_Exercise description_
From the line containing "Syndicate original oversize t-shirt brown" through the last line of the material, copy every line exactly, both ends inclusive; do not copy pictures.

_Collected data_
^^^^^^^^

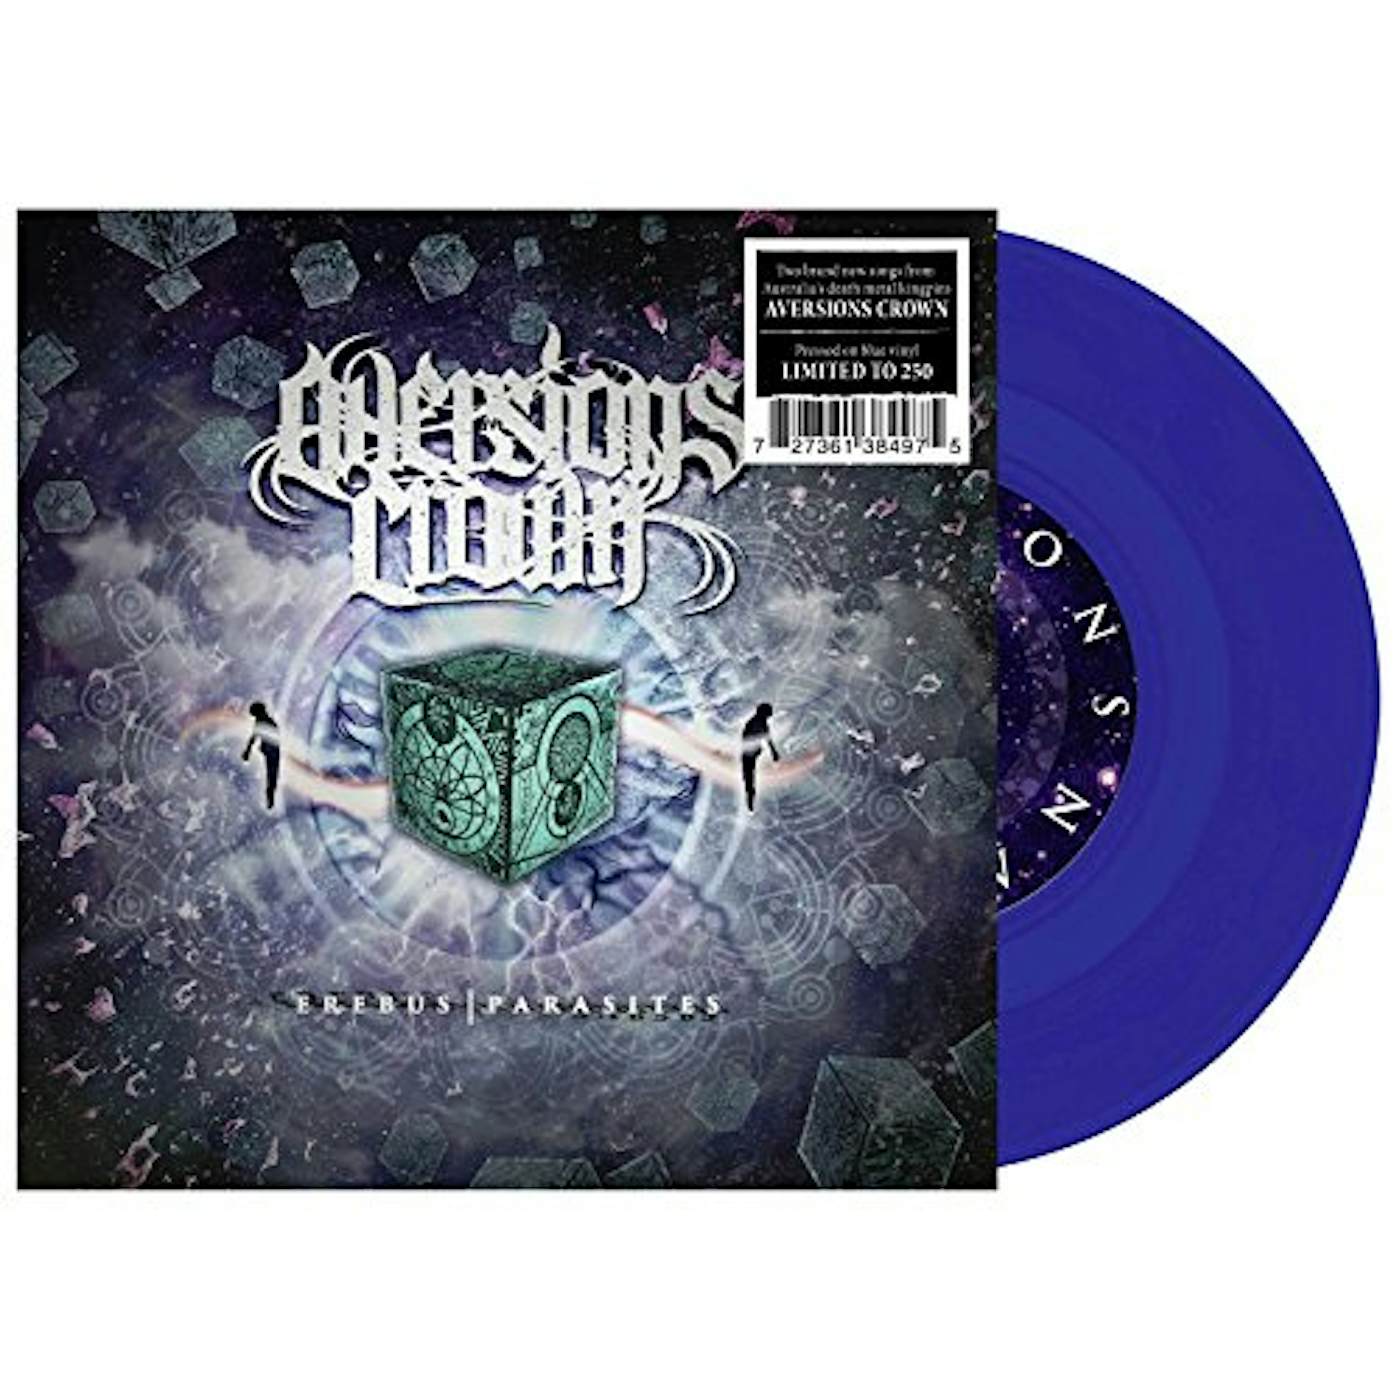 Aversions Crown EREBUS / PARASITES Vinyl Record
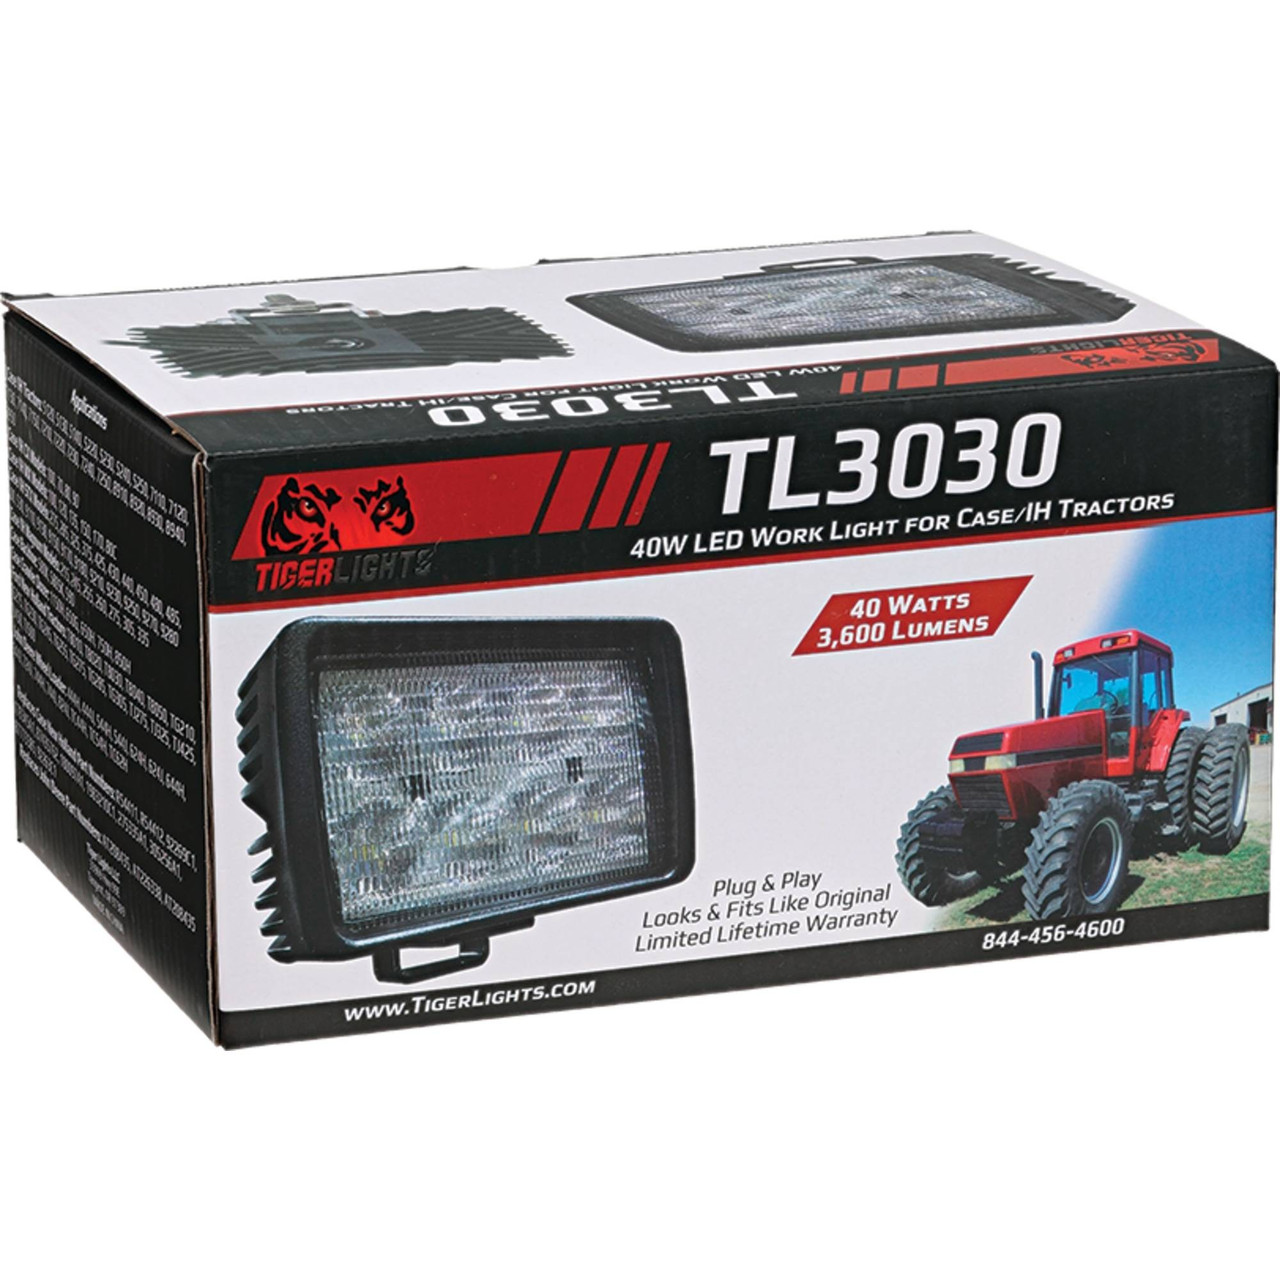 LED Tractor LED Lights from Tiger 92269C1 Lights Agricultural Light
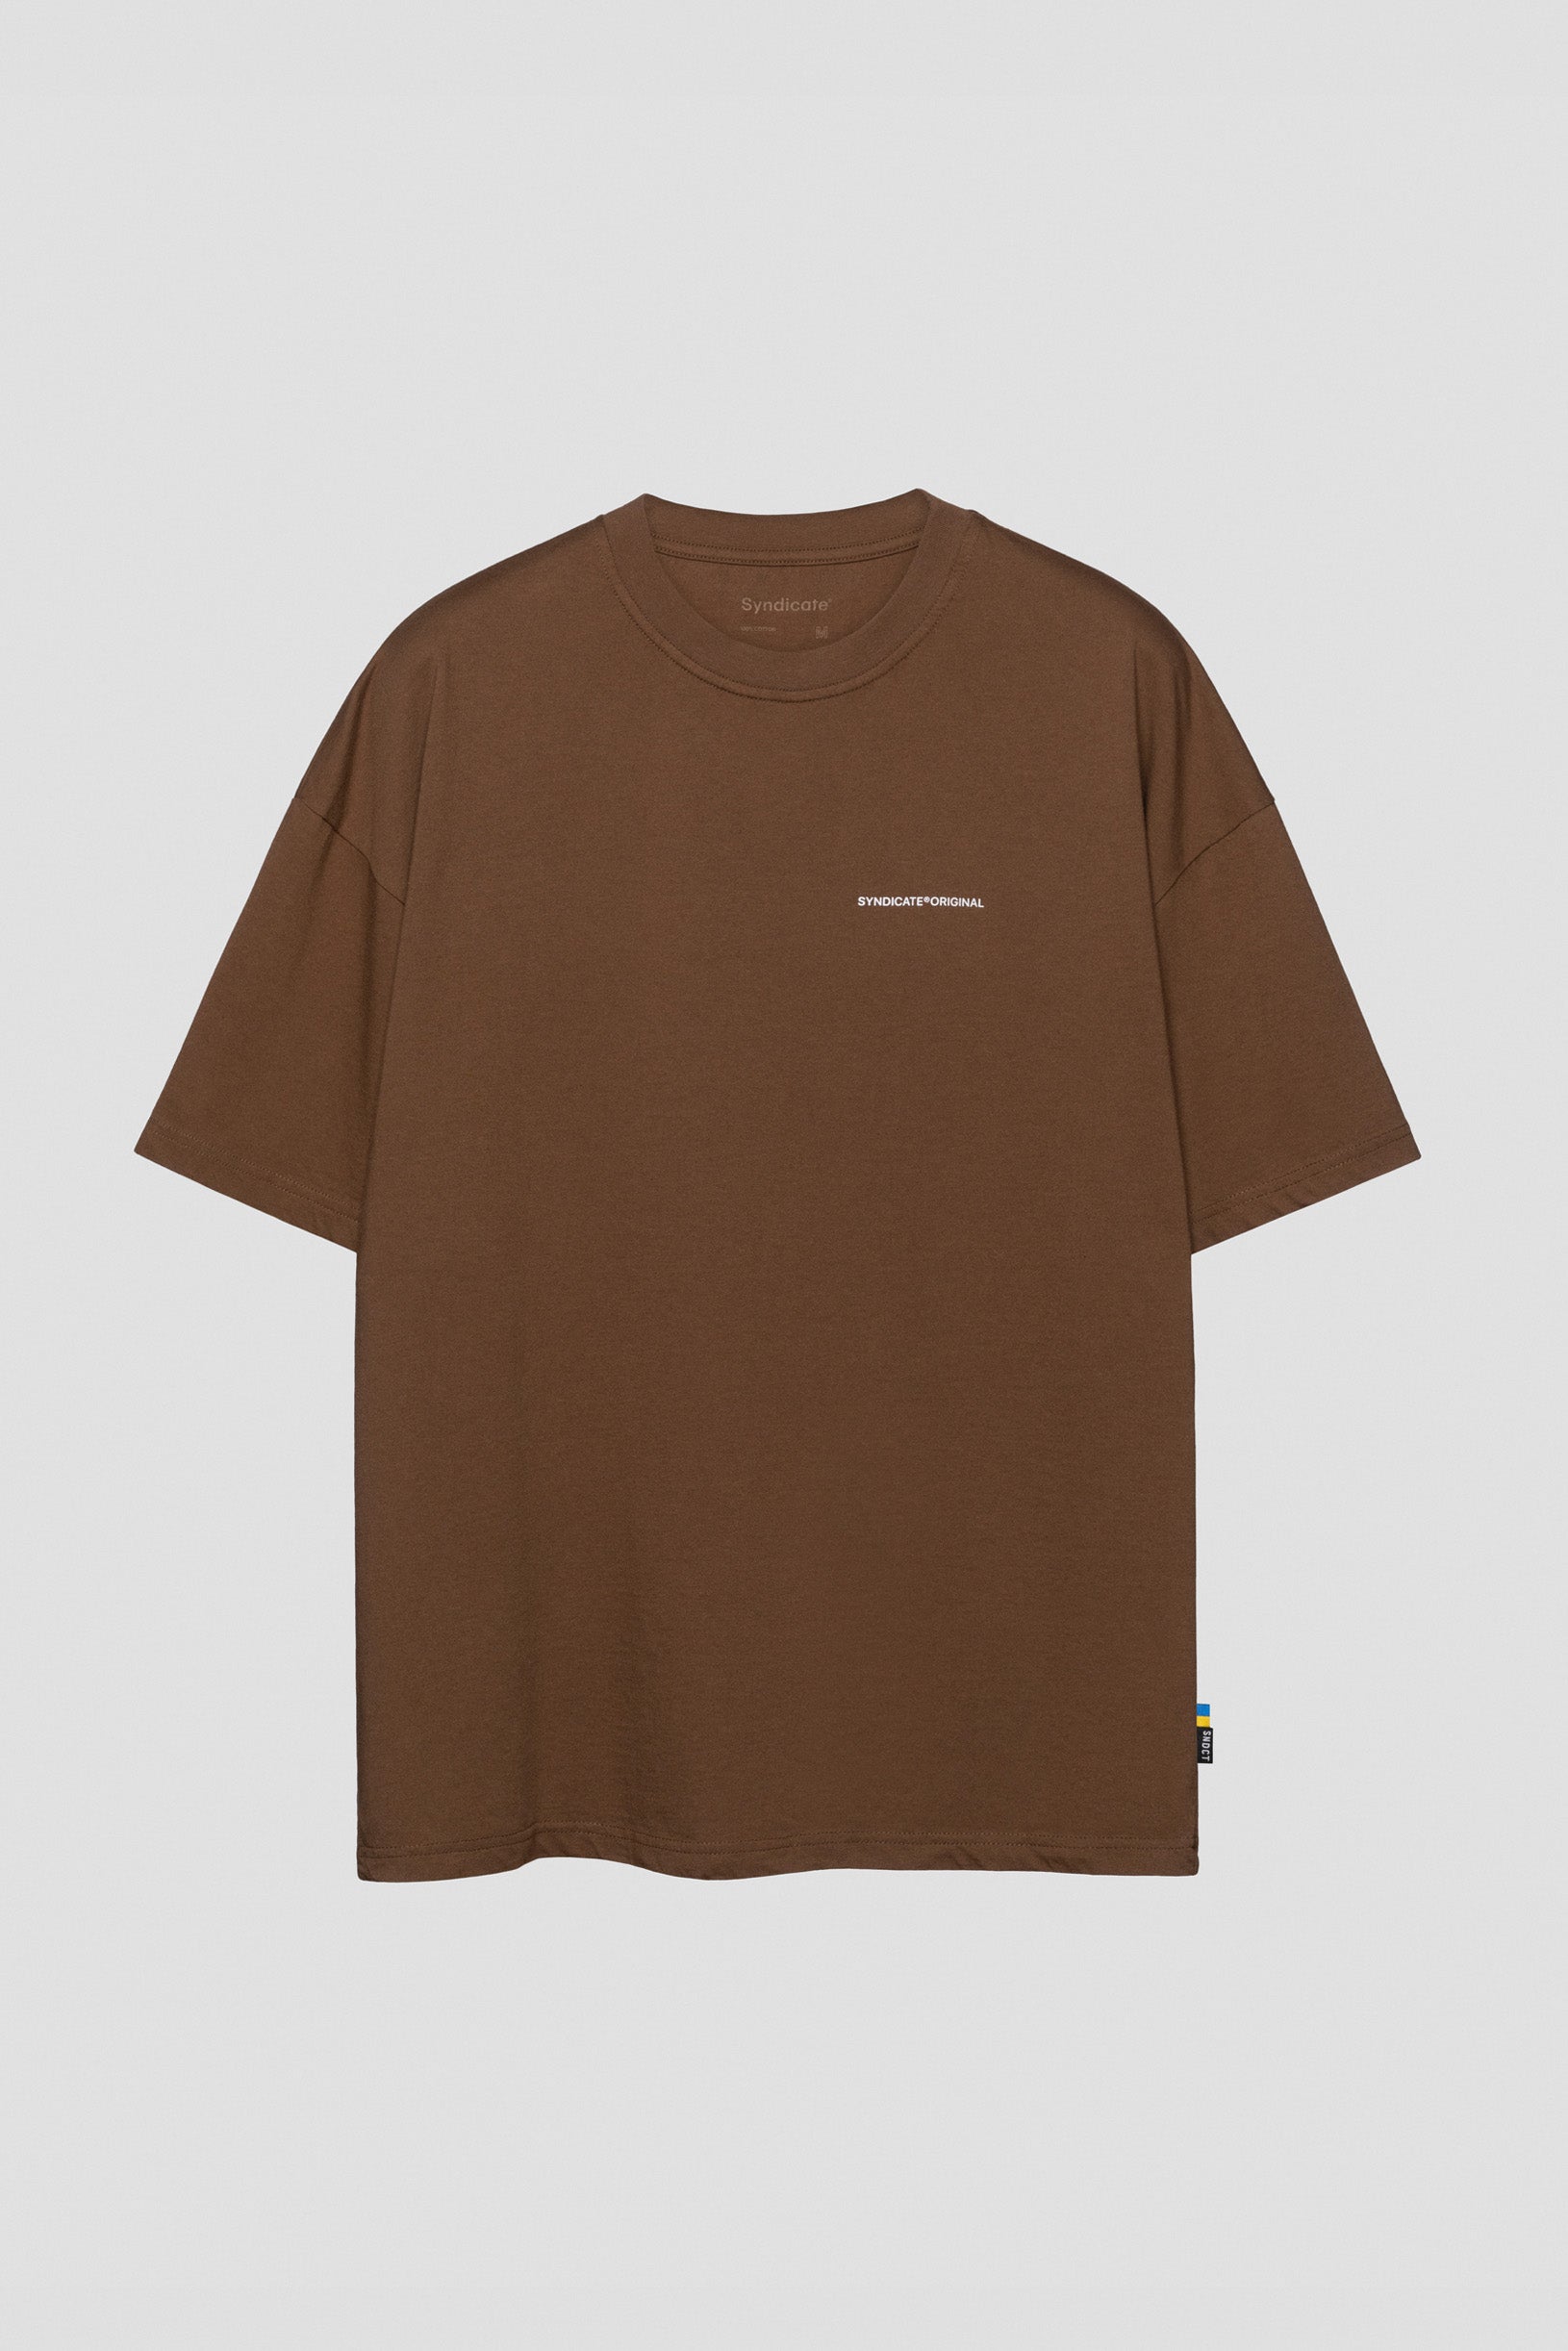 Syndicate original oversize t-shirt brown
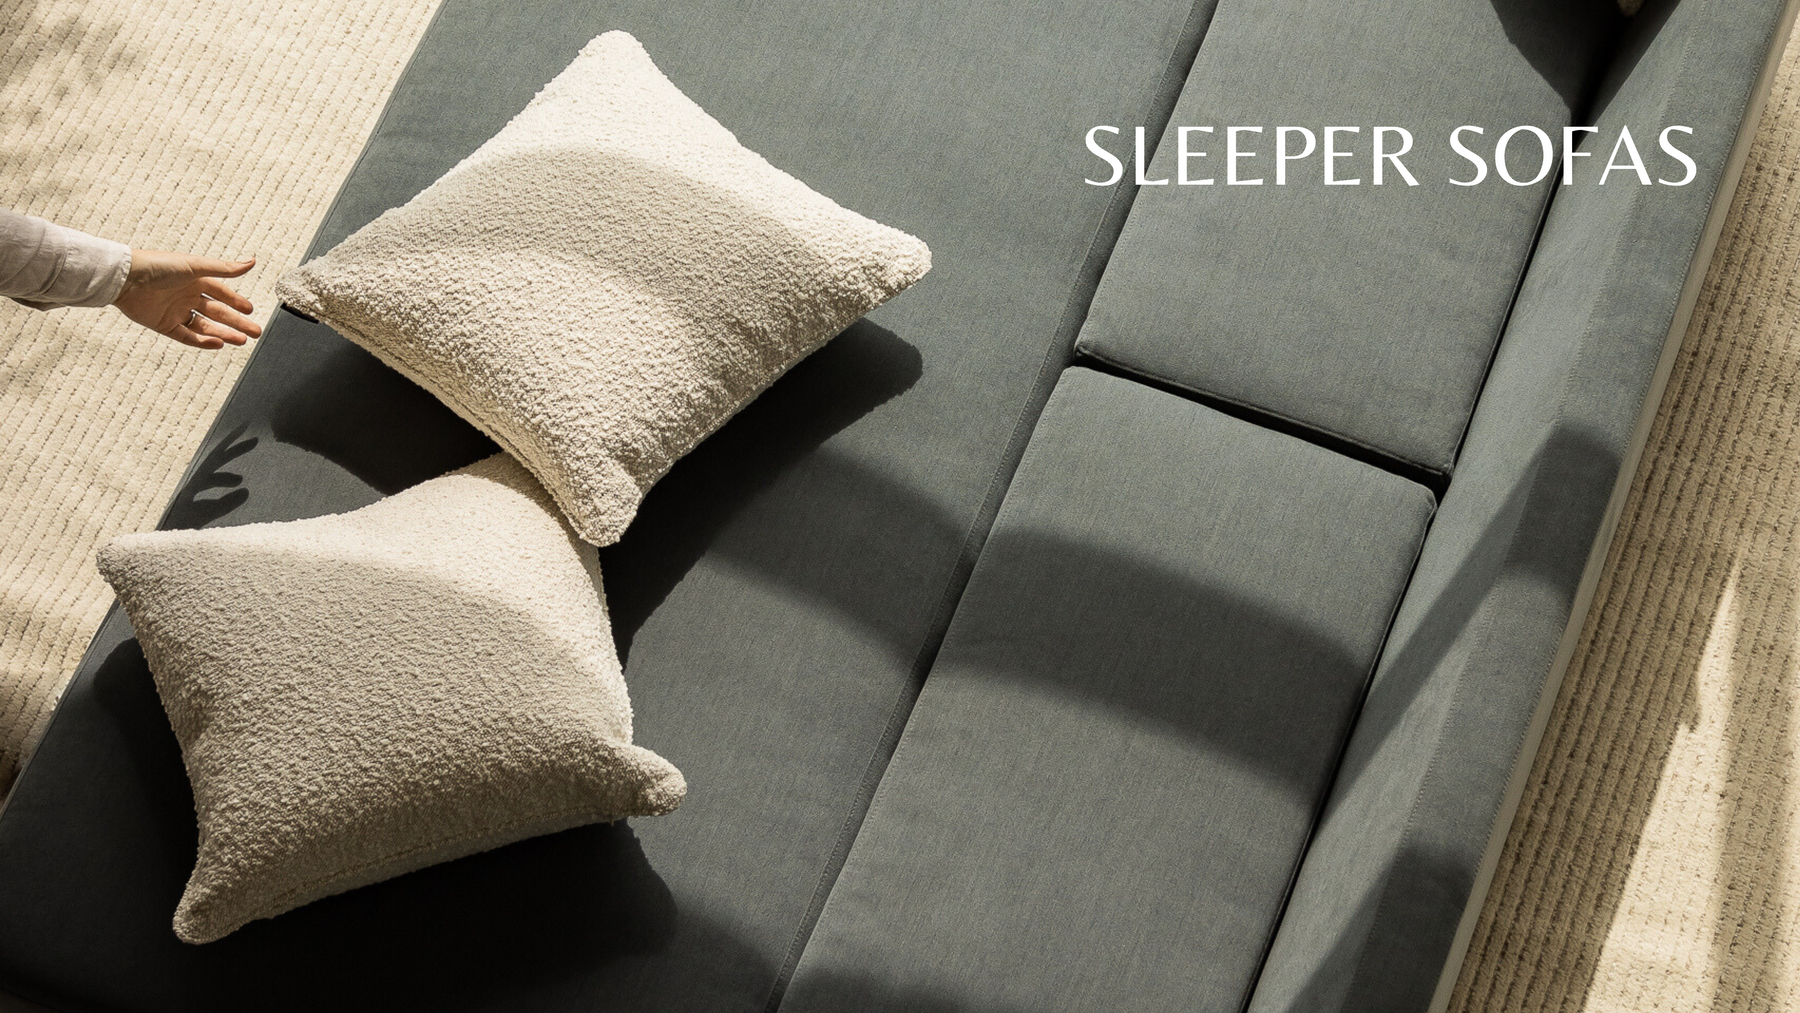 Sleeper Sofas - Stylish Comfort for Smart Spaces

^^^^^^^^

_Output of the task_
 Syndicate original oversize t-shirt brown
 Sleeper Sofas - Stylish Comfort for Smart Spaces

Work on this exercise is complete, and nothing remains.